I have been away for a while and I am missing parse. I was wondering if you know of any similar parsers in other languages like Python or R?
When most languages phrase this kind of functionality they do it under the name "parser combinators".
"Parsec" is one of the early ones in Haskell, and someone made a Python variant
Usage example:
If I'm not mistaken, Perl and Java have something not far off from Rebol's grammar-based parsing. Not likely as commonly used as regular expressions, however. I'd wager that Javascript has a library for parsing grammars too.
Should probably mention clojure spec has combinators for validation rules and conform
as a not-so-well documented protocol for making productions based on those rules. There's some very simple productions for doing things like parsing argument lists and other sequential messages. You can get pretty fancy with it if you know what you're doing, but it probably could use some more inspiration from PARSE
.
I like Clojure on paper (and am incredibly tempted at times to add persistent vector, though I keep trying to think of it as "if you lived in a world where FP was what has always been, mutable state without having to name each alteration would be a Eureka moment").
But whenever I read Clojure, I always get to "that's some illegible stuff right there".
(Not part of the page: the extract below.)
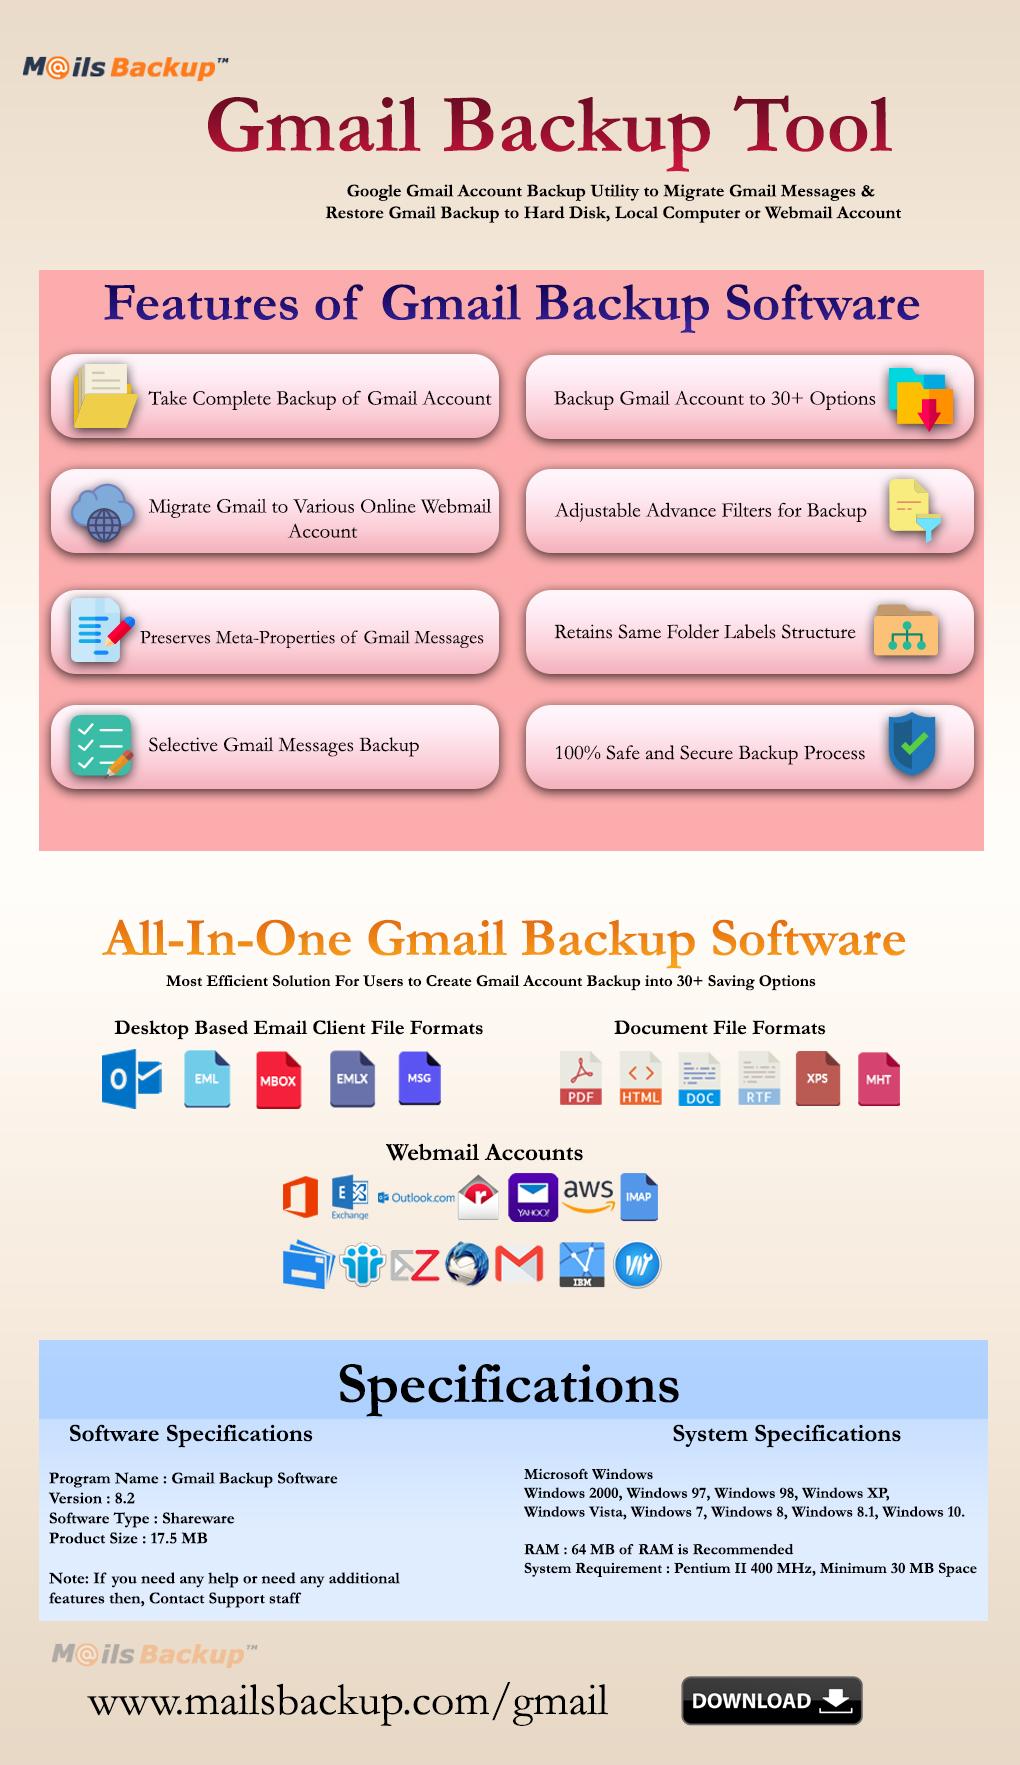 [Image: gmail-backup-tool.jpg]

I know we develop our lenses that see past the illegibility and forgive it (I have that blindness with C++, I muck around with it and get to that point of "I can understand it so it must be coherent"... with that awareness I engineered Ren-C's debug build cast operators....whose only redeeming quality for most people is that you can build without that).
Anyway... what PARSE lacks in performance it makes up for in legibility. And maybe there is indeed something we could be giving back to such projects, if I made the time to offer feedback and contribute ideas.
Or given that I'm a burnout, perhaps that could be your job.